About the Role:
We are currently seeking a mid-level Data Engineer to join our team to develop and maintain scalable data pipelines to support growing data volume and complexity. This position involves close interaction with cross-functional teams to improve data models that feed business intelligence tools, increasing data accessibility and fostering data-driven decision making across the organization.
Responsibilities:
Data Pipeline Development and Maintenance:
• Design, build, and maintain data pipelines and ETL processes on AWS to support analytics and machine learning initiatives.
• Use AWS services such as RDS, Glue, Lambda, S3 to manage and process large data sets.
Machine Learning infrastructure:
• Enable model training, testing, and deployment using SageMaker and other AWS ML services.
• Design and build scalable infrastructure for deploying machine learning models into production, incorporating best practices for monitoring, logging, and retraining models.
• Implement and automate workflows that support the end-to-end ML lifecycle, including data preprocessing, feature engineering, and model evaluation.
DevOps and Automation
• Incorporate DevOps best practices into data engineering workflows, focusing on automation, CI/CD, and infrastructure as code (IaC) for repeatable, scalable solutions.
• Develop and maintain IaC templates (e.g. Terraform, CloudFormation) to provision and manage AWS resources for data engineering and ML tasks.
• Build monitoring, logging, and alerting systems to ensure data pipeline and model uptime, performance, and data quality.
Qualifications:
• You’ll typically have a degree in a computer science, mathematical or science-based subject.
Knowledge, Skills and Abilities Required:
• Must hold hands-on experience with ETL process.

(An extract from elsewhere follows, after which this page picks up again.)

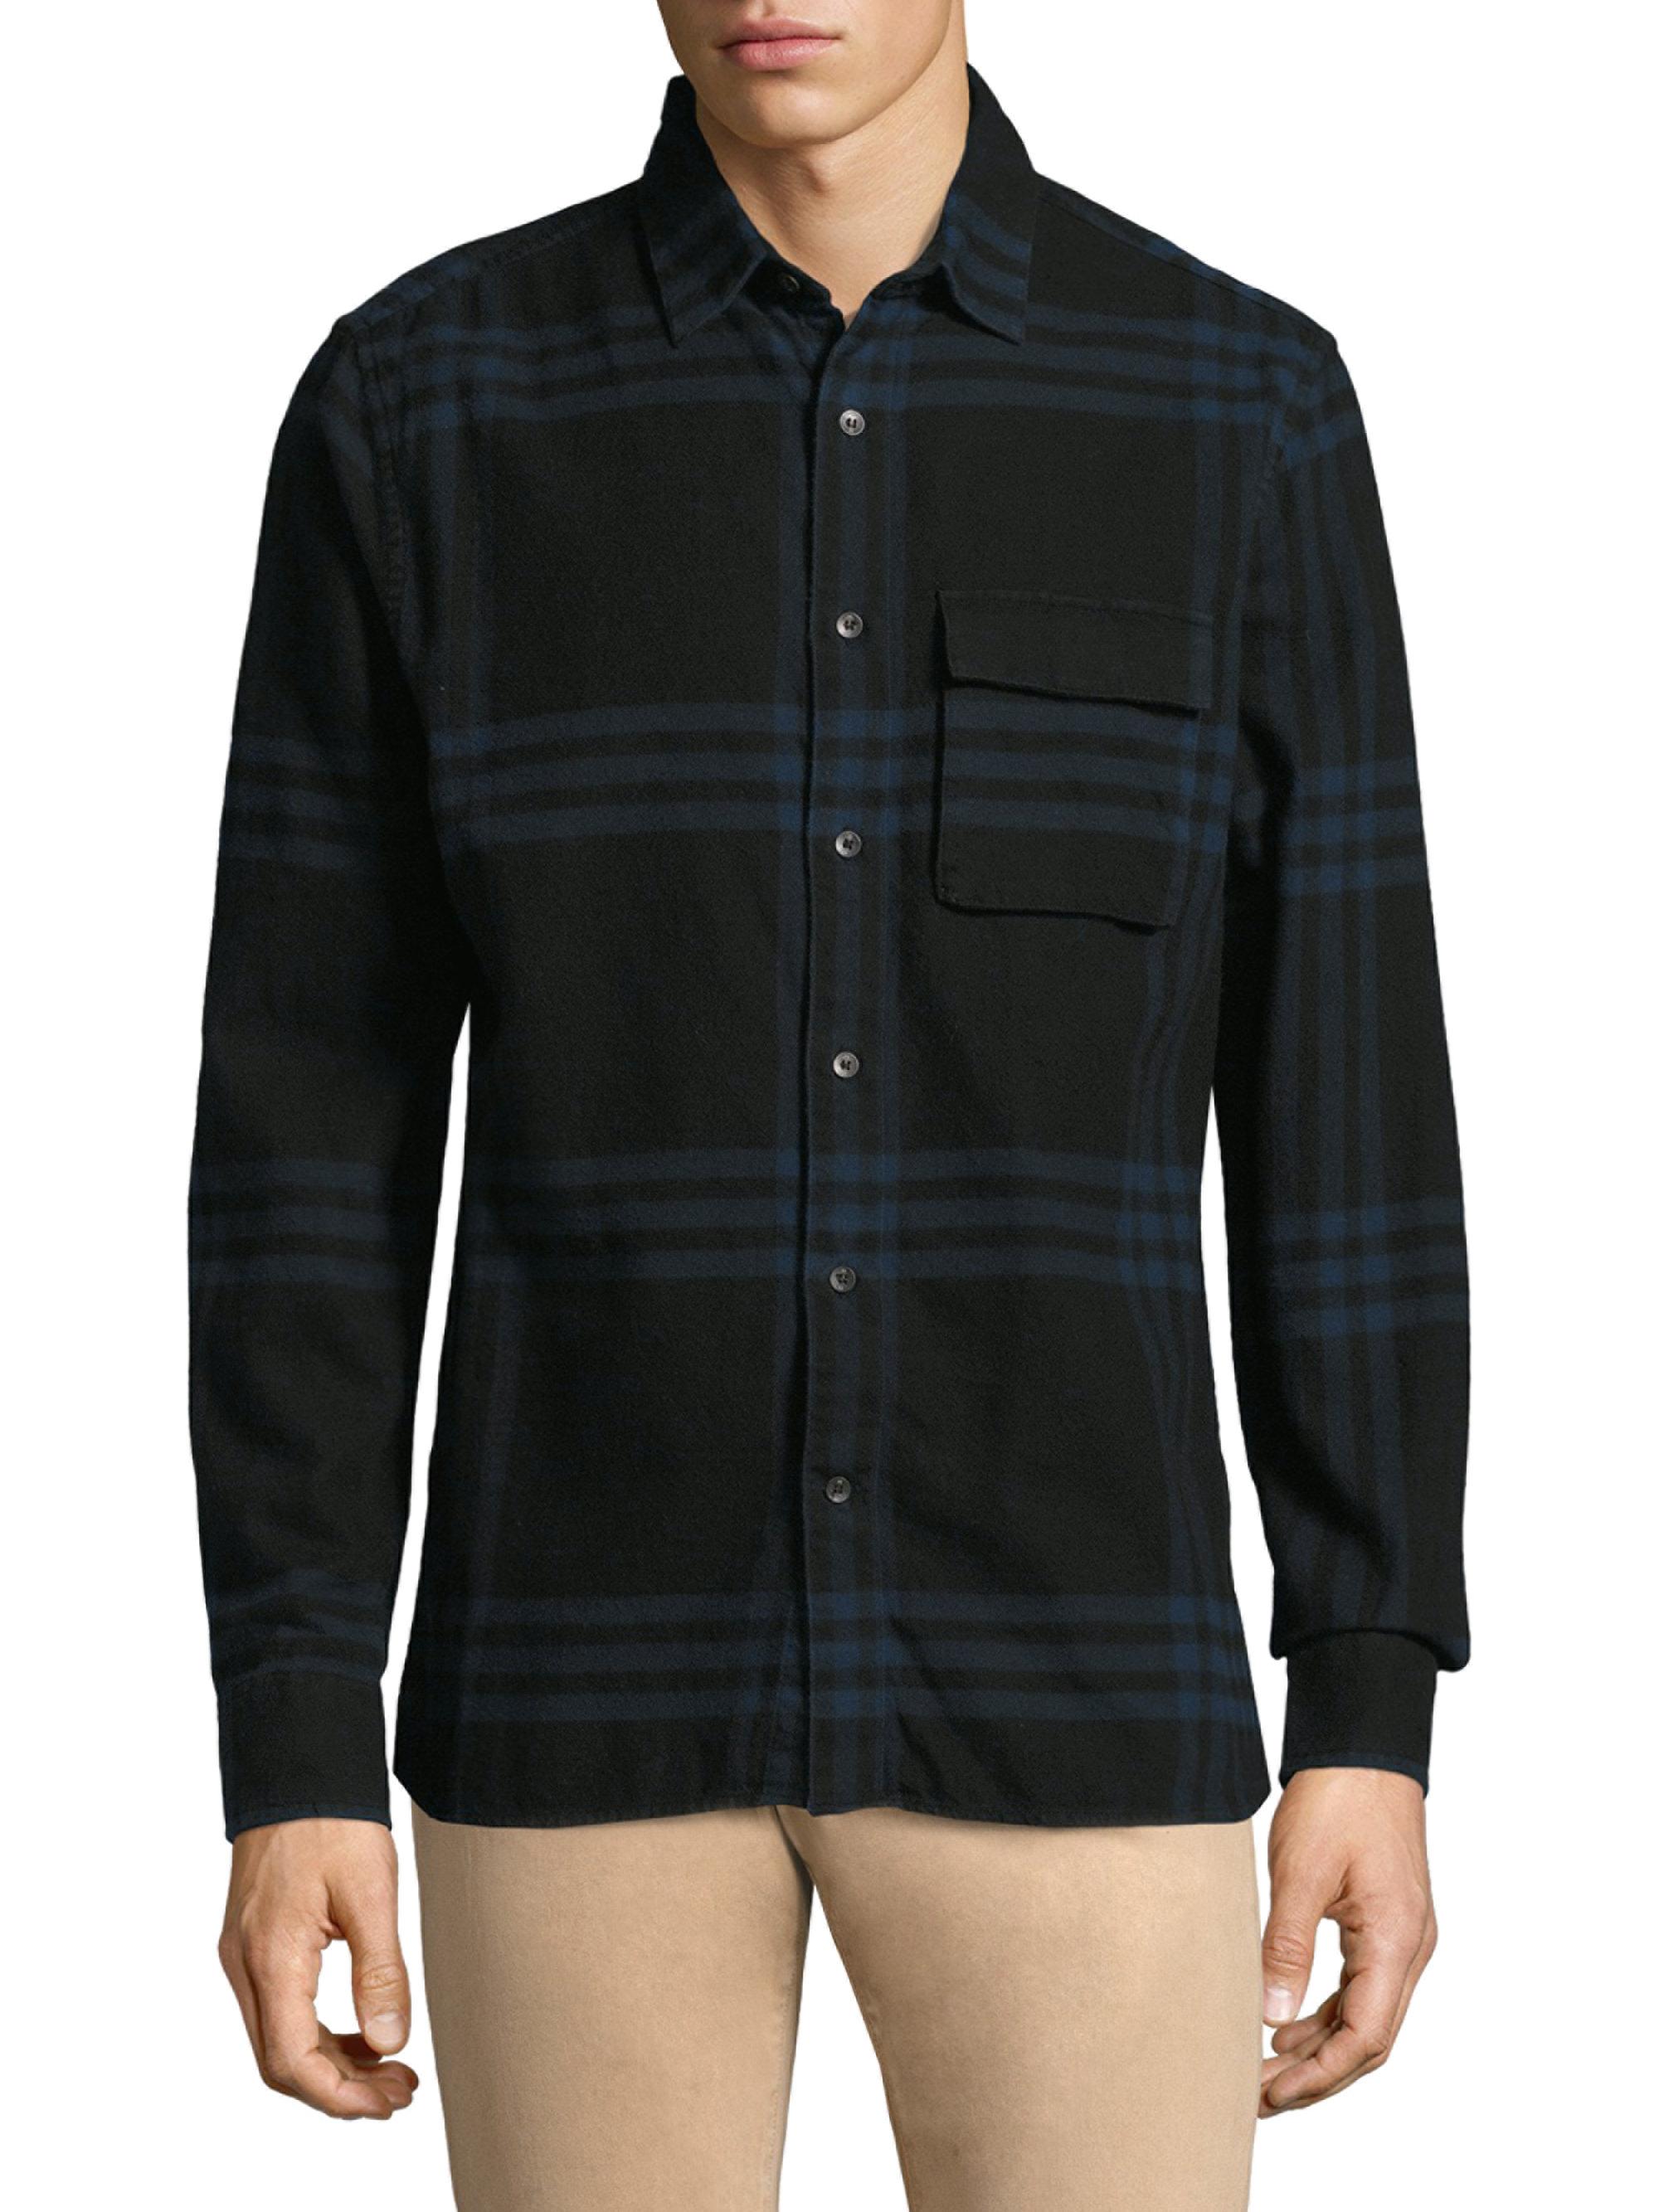 Lyst - Joe'S Bellowed Plaid Long-sleeve Cotton Shirt in Black for Men

• Cloud Expertise: Strong experience with AWS, including services like S3, Glue, Lambda, and SageMaker.
• Programming: Advanced proficiency in Python, including experience with data processing libraries (e.g. Pandas) and automation.
• Machine Learning: Familiarity with machine learning pipelines, especially using SageMaker for model training, deployment, and monitoring.
• DevOps: Experience with DevOps practices, including CI/CD pipelines, Infrastructure as Code (Terraform, CloudFormation), and monitoring (CloudWatch).
• Data Engineering: Solid understanding of data warehousing, ETL/ELT processes.
• Collaboration: Strong communication skills and experience working in cross-functional Agile teams.
• Excellent analytical and problem-solving skills.
• Effective listening skills to understand the requirements of the business.
• Planning, time management and organisational skills.
• The ability to deliver under pressure and to tight deadlines.